Both of these authors cite as authority for the view of the law they respectively express, Mitchell v. Moore, 16 Gratt. 280.

In that case, the opinion by Robertson, J., said: “A deed of settlement may be so framed as to deprive the husband of all his marital rights, but he will never be deprived of them to a greater extent than the terms of the deed require. In this case, the deed of settlement only excludes the rights of the husband surviving his wife in the event of her exercising the power of appointment conferred upon her. She died without having exercised that power and leaving her husband surviving, so that he became entitled to all the personal estate embraced in the settlement, subject only to the payments of the debts for which it was bound, if any such there were, funeral expeqses and charges of administration. Numerous authorities might be *624cited, but it is sufficient to refer to Pickett and Wife v. Chilton, 5 Munf. 467, which is to the point and decisive of the question.”

The eighth clause of the will in this case settled the bequest of $3,000 upon Mrs. Andes to her sole and separate use, free from the debts and control of her husband, but without other or more restrictive provisions. The construction of the language employed by the testator in making the bequest is uncontrolled or affected by any other provisons of the will, and we are of opinion that it cannot be rightly construed as restraining or withholding from the legatee the power to dispose of, by will or otherwise, the estate.settled upon her. The effect of it was to deprive the husband, during coverture, of any interest in the property thus settled, and nothing more. There is nothing whatever in the will whereby the children of Mrs. Andes took as purchasers the bequest, and hence it is impossible that they' took by descent, under the statute, to the exclusion of their father. Therefore, the wife having died intestate, the husband surviving is entitled, under second subdivision of section 2557, chapter 113 of the Oode, as her sole distributee, to the legacy embraced in the settlement, subject only to the payment of the debts for which it was bound, if any such there were, funeral expenses, and charges of administration.
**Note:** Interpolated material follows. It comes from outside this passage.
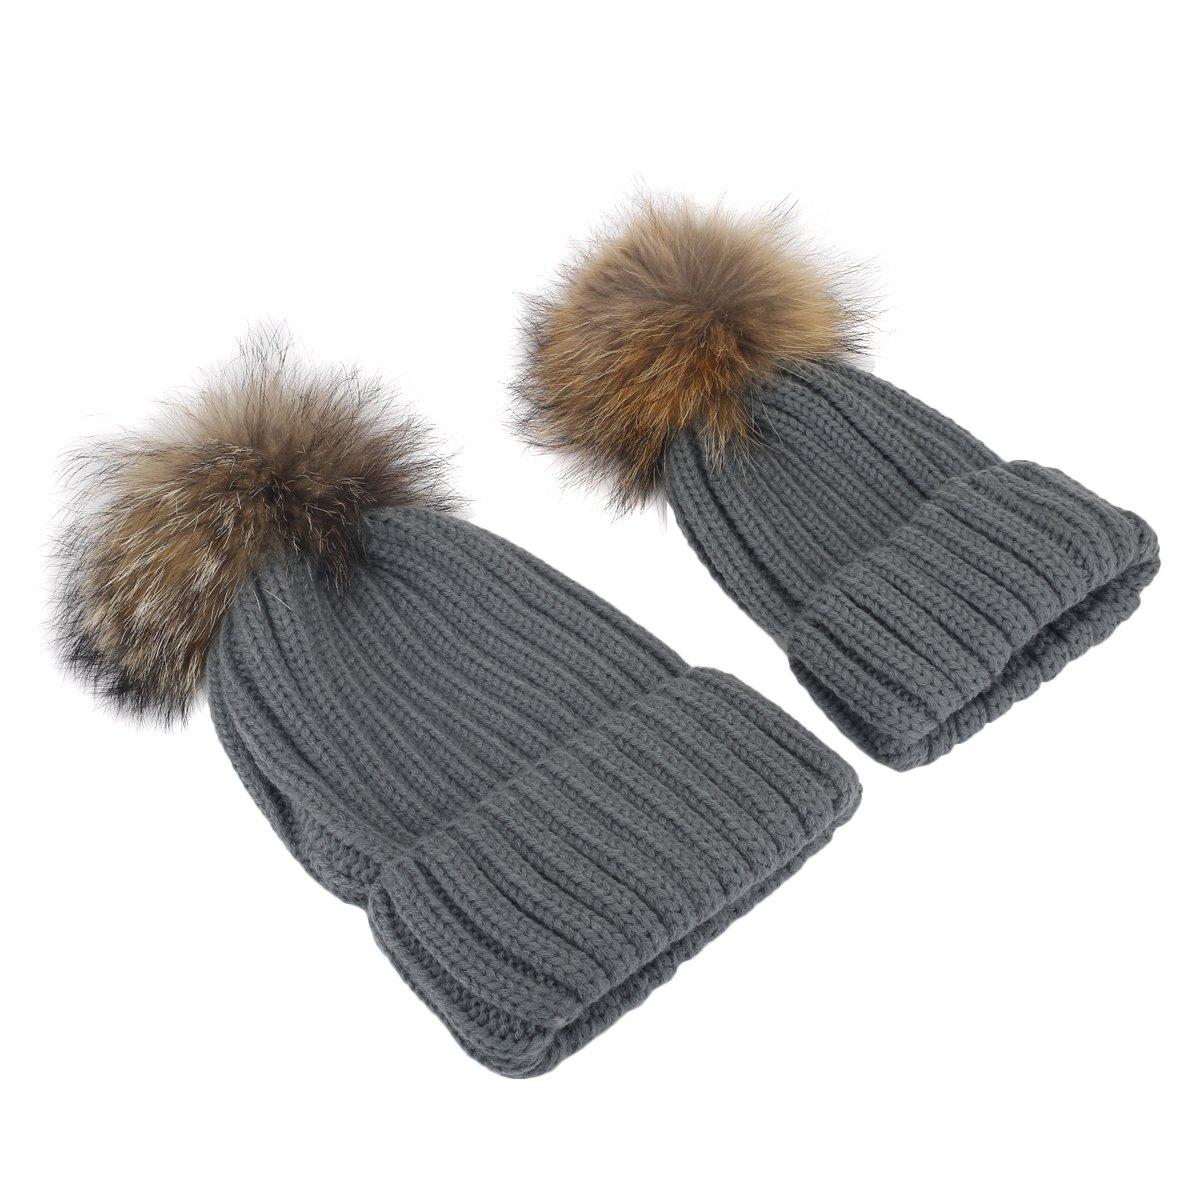 Butterme 2 pezzi Madre e bambino Crochet cappello a maglia cappotto caldo invernale-bambino invernale pipistrello cappello pompom cappello ZUMUii

The decree appealed from must be reversed and annulled, and the cause remanded to be further proceeded with in accordance with this opinion.

Reversed.

Reference

Full Case Name
Andes v. Roller, Guardian
Status
Published
Syllabus
1. Separate Estate—Death of Wife Intestate—Effect as to Personal Estate.—A bequest of personal property to a married woman, “ to be her separate estate, free from the debts.and control of her present or any future husband,” without more, vests the property in her absolutely, and, upon her death intestate, it passes to her husband as her sole distributee, subject to the payment of her debts and funeral expenses.